Прохладное утро давно осталось позади – время шло к полудню, и потому весь сад был наполнен горячим и густым, как смола, воздухом. Немного помутневшие с годами стёкла оранжереи при столь ярком солнце сверкали, словно чистейший хрусталь, заставляя щуриться всех, кто проходил мимо. Грязно-жёлтая панама садовника Годфри плавала над ровно остриженным краем декоративных кустов, отделявших более презентабельную садовую территорию от той, где начиналась густая и мрачная самшитовая роща.

– Доброго дня, госпожа Маршан! – голос Годфри донёсся из недр зелёной плоти стены. Мысленно девушка поблагодарила его за то, что он не стал выглядывать и рассматривать её помятое праздной жизнью лицо.

– Доброго дня и вам, – махнув рукой (хотя никто этого жеста не увидел), поприветствовала Конни в ответ. – Вы Берта не видели?

– Он у старой лестницы – танцует там с телефоном опять, – добродушно усмехаясь, докладывал садовник.

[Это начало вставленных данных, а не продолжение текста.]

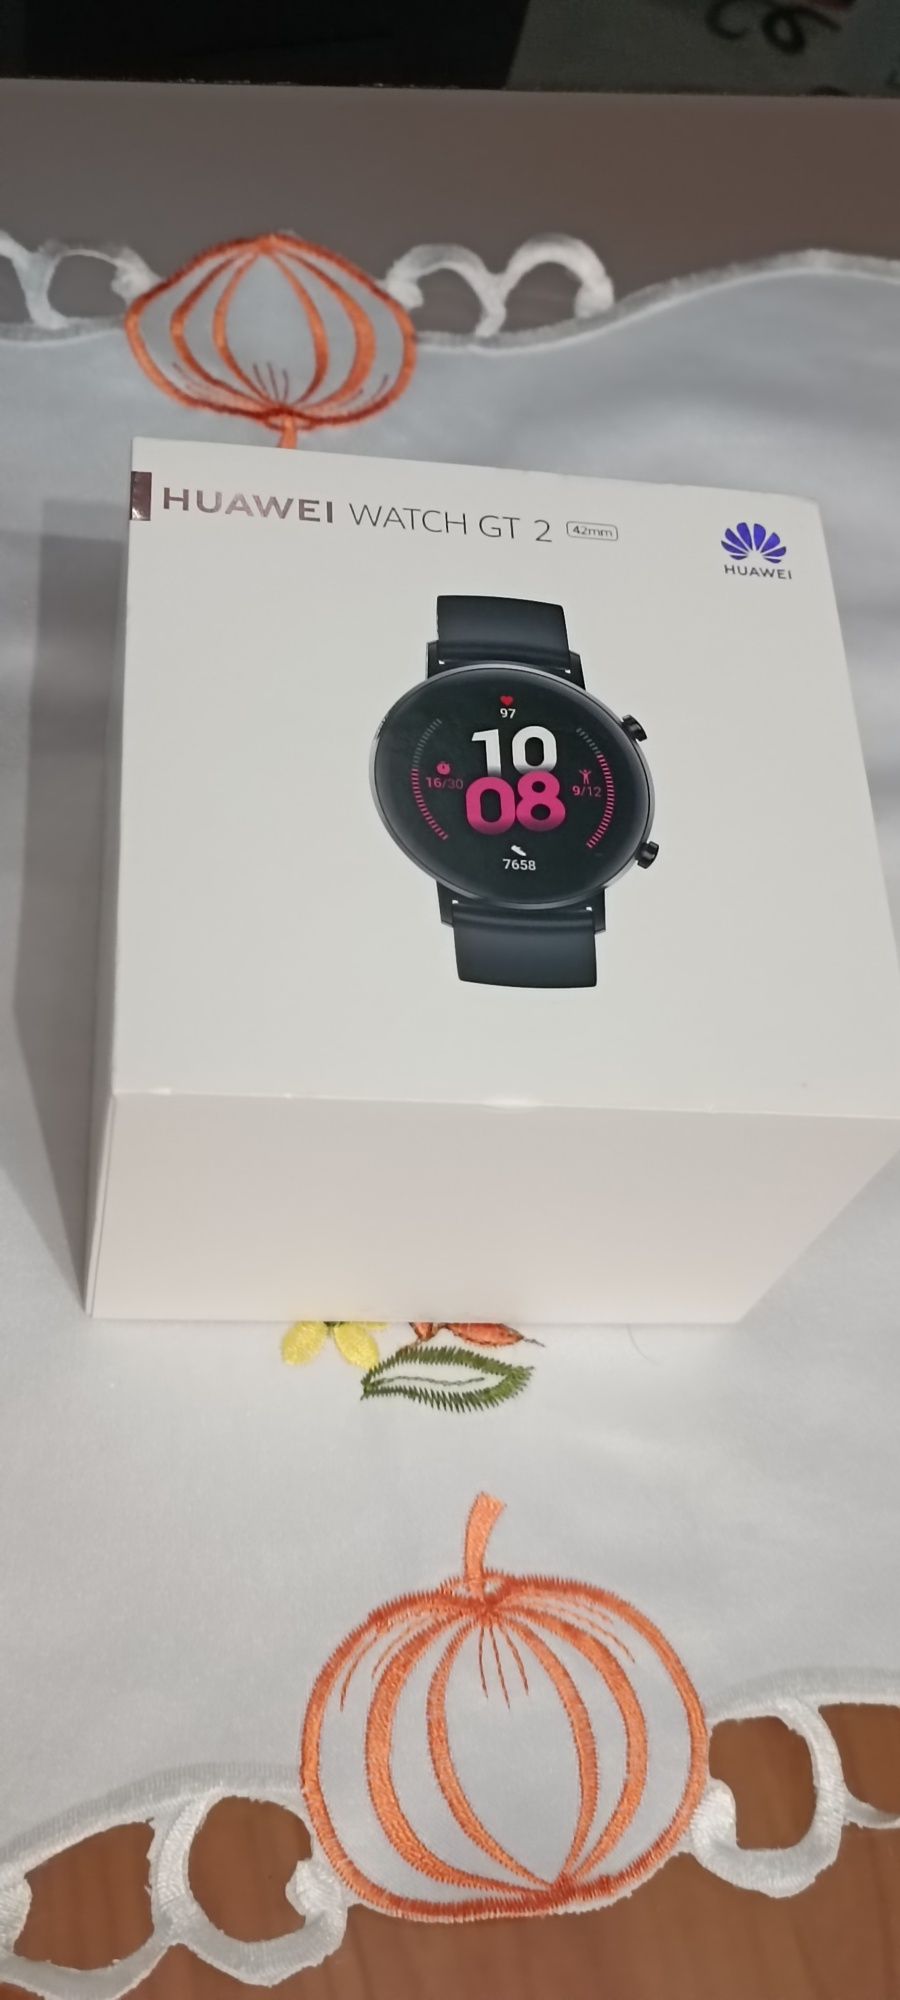 Huawei smartwatch GT2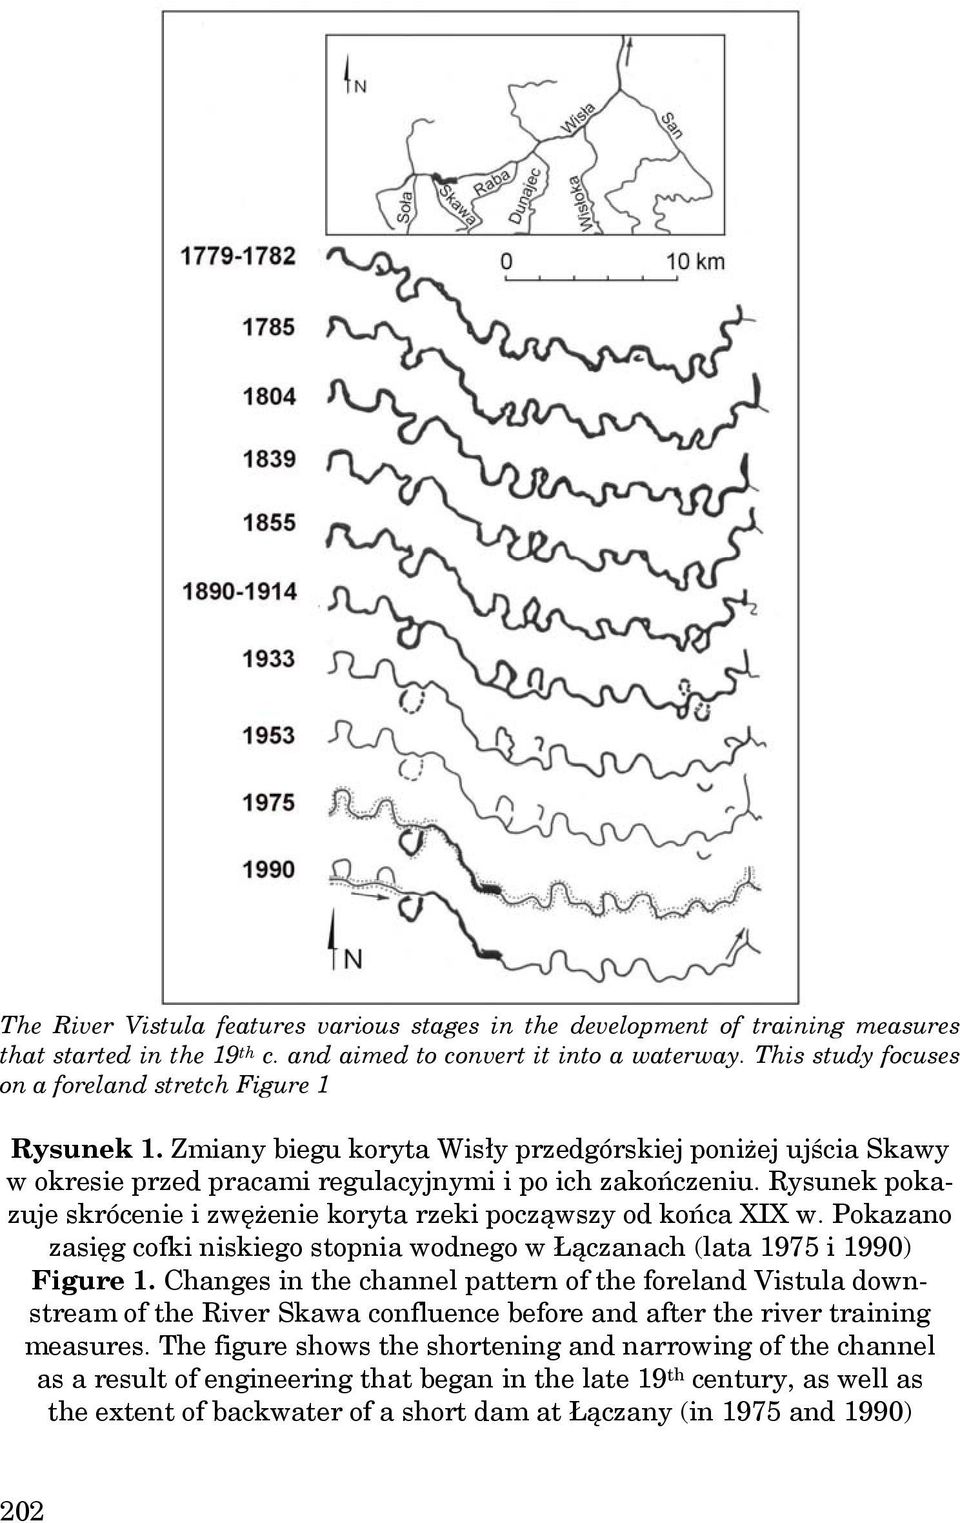 Rysunek pokazuje skrócenie i zwężenie koryta rzeki począwszy od końca XIX w. Pokazano zasięg cofki niskiego stopnia wodnego w Łączanach (lata 1975 i 1990) Figure 1.

Что ж, сегодня братец на удивление упорен. Раз он до сих пор не бросил эту затею со связью. Роза – их единственная ближайшая соседка, владелица небольшого магазинчика и лёгкая на подъём рыжеволосая красавица по совместительству – уехала из города всего полторы недели назад, а пылкая влюблённость Берта уже во всю прогрессировала, принимая форму лёгкой одержимости. Сын своего отца – что уж тут поделать. Роза с её хрустальным смехом и колдовским обаянием стала для него кем-то вроде музы. А статус музы Маршана предполагал множество интересных и (по мнению Конни) подчас нездоровых вещей, включающих эмоциональные качели, созависимые отношения и необузданные страсти вперемешку с затяжными приступами меланхолии. Берт никогда не обижал своих женщин, но контролировать свои страстные порывы у него получалось из рук вон плохо. Особенно, если его очередная зазноба по той или иной причине не была доступна ему вся целиком и без остатка. И это был как раз тот самый случай.

– Как успехи со связью? – щурясь от яркого света, поинтересовалась Конни, приближаясь к старой каменной лестнице. Севилла говорила, что раньше (лет сто пятьдесят назад) Ди Граны хотели здесь построить что-то вроде амфитеатра в античном стиле. Зрители должны были сидеть на каменных ступеньках, наблюдая за артистами в центре круга, но в итоге хозяева замка передумали и бросили это дело на полпути. Часть ступенек за эти годы вросла в ландшафт, почти полностью скрывшись под толстым слоем мха и травы, но одна небольшая секция всё ещё оставалась расчищенной и, судя по всему, уже давно использовалась в качестве места для отдыха и медитации, скрытого от посторонних глаз. В тени ивового дерева, здесь можно было остаться наедине со своими мыслями, вдыхая насыщенные ароматы зелени, рыхлой почвы и солоноватого морского бриза. А ещё тут иногда, очень-очень редко, можно было отправить смс-сообщение.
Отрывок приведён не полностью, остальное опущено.